JEPARA, Lingkarjateng.id – Saipul (37), warga Desa Kriyan, Kecamatan Kalinyamatan mengeluhkan harga kedelai impor yang terus meroket. Menurutnya, kondisi ini menyulitkan upaya mereka untuk bangkit di masa pandemi.
“Kami kesulitan untuk memproduksi tempe, karena harga kedelai melonjak tajam. Namun, di sisi lain kami harus tetap memproduksi, karena banyak pedagang yang memesan tempe untuk dijual kembali,” keluhnya.
Ia menjelaskan, untuk bertahan dan tidak merugi, ia lebih memilih memperkecil ukuran tempe daripada menaikkan harga. Harga kedelai impor saat ini berkisar Rp 13 ribu per kilogram.
Harga Kedelai Naik, Perajin Tahu Tempe Kendal: Terlalu Tinggi buat Kita
Ia mengungkapkan, bahan baku kedelai impor yang digunakan untuk membuat tempe tidak bisa digantikan dengan kedelai lokal. Hal ini karena kualitasnya tidak sama.
“Kalau menggunakan kedelai impor, maka tempe tersebut bisa tahan selama 3 hari. Sedangkan, menggunakan kedelai lokal, kadang-kadang sehari sudah tumbuh jamur dan tidak bisa dimasak,” imbuhnya.

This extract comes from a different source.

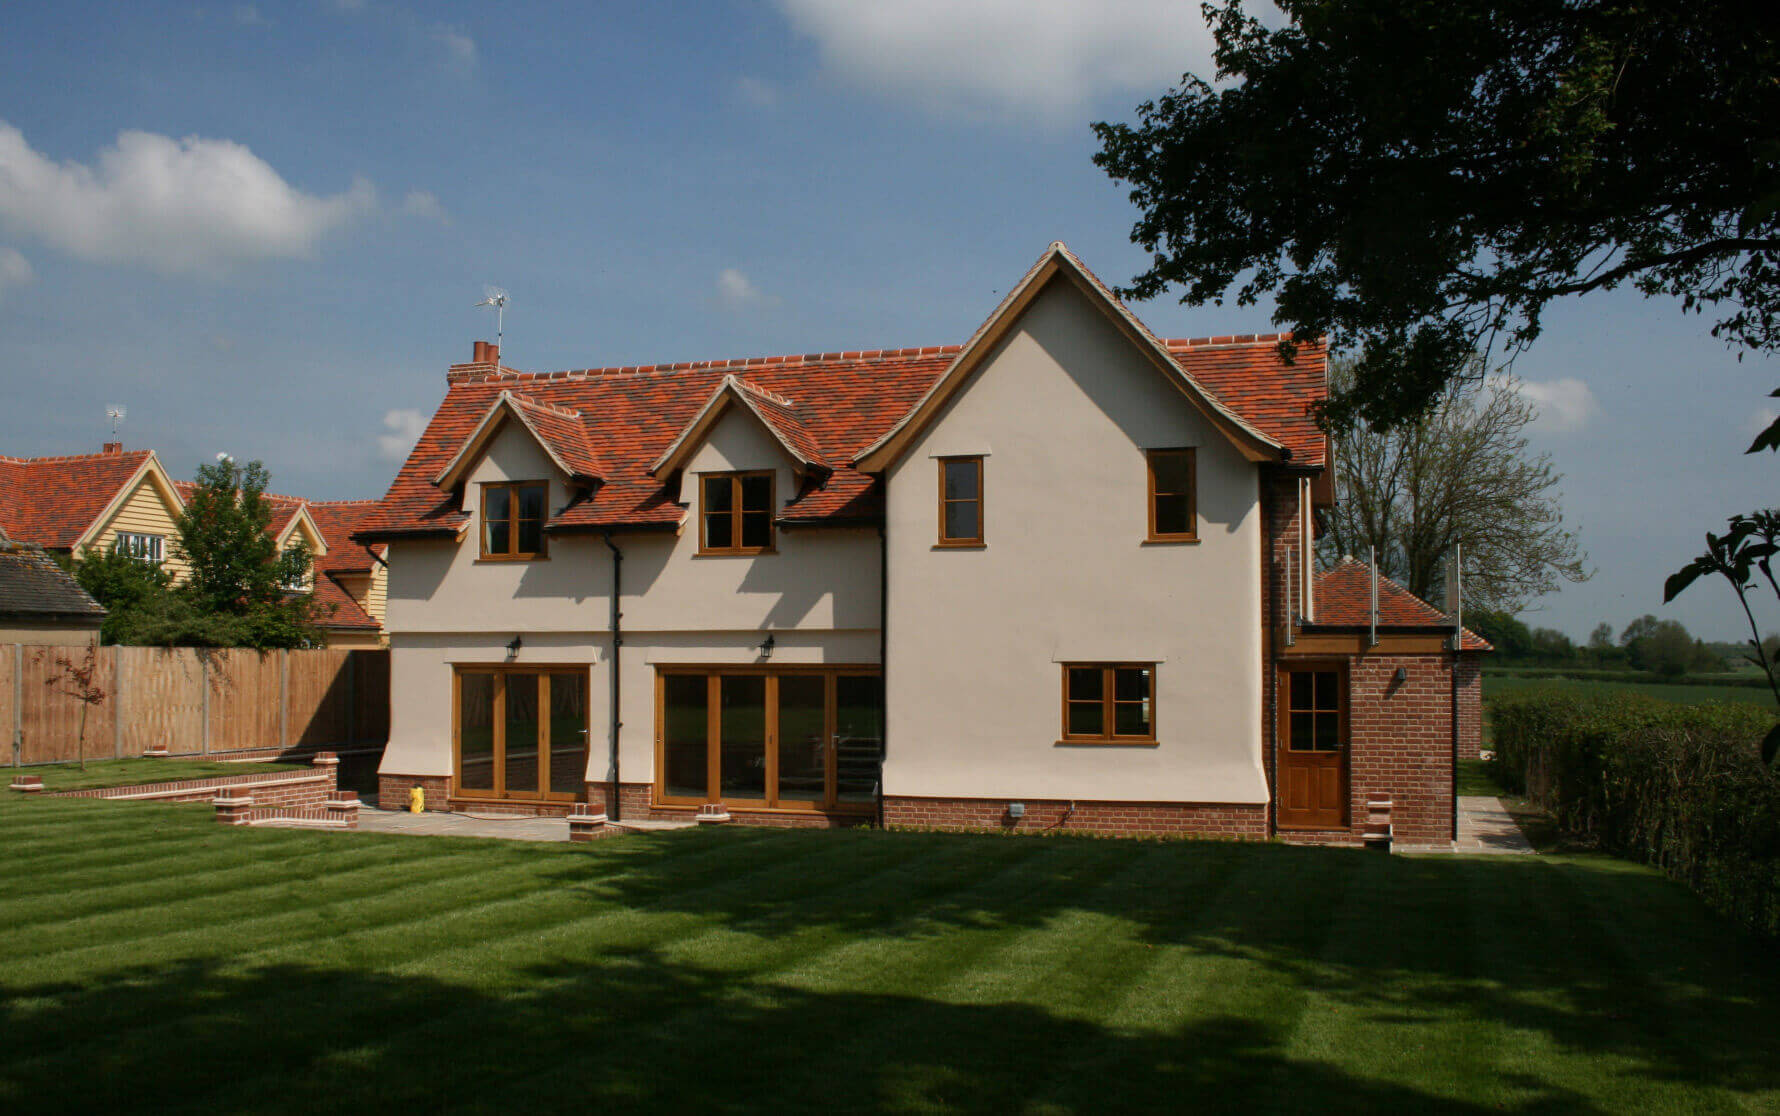 Reverse view of the detached house named Burroughs. Part of the Arkesden Road development

Hal senada juga diungkapkan oleh Pardi (43), pengusaha tahu di Desa Pecangan timur. Ia mengaku telah menyiasati berbagai trik agar usaha pembuatan tahunya dapat bertahan di tengah melambungnya harga kedelai saat ini.
Kenaikan Harga Kedelai Dikeluhkan Perajin Tahu Tempe Pati
“Walaupun beberapa produsen sudah ada yang menaikkan harga, namun saya belum bisa, karena para pelanggan juga mengalami hal serupa di tengah naiknya harga kebutuhan pokok, sehingga menurunkan minat pembeli,” ujarnya.
Ia pun berharap, harga kedelai impor akan kembali normal seperti sebelumnya, sehingga pihaknya tidak kebingungan dalam menjalankan usaha. (Lingkar Network | Muslichul Basid – Koran Lingkar)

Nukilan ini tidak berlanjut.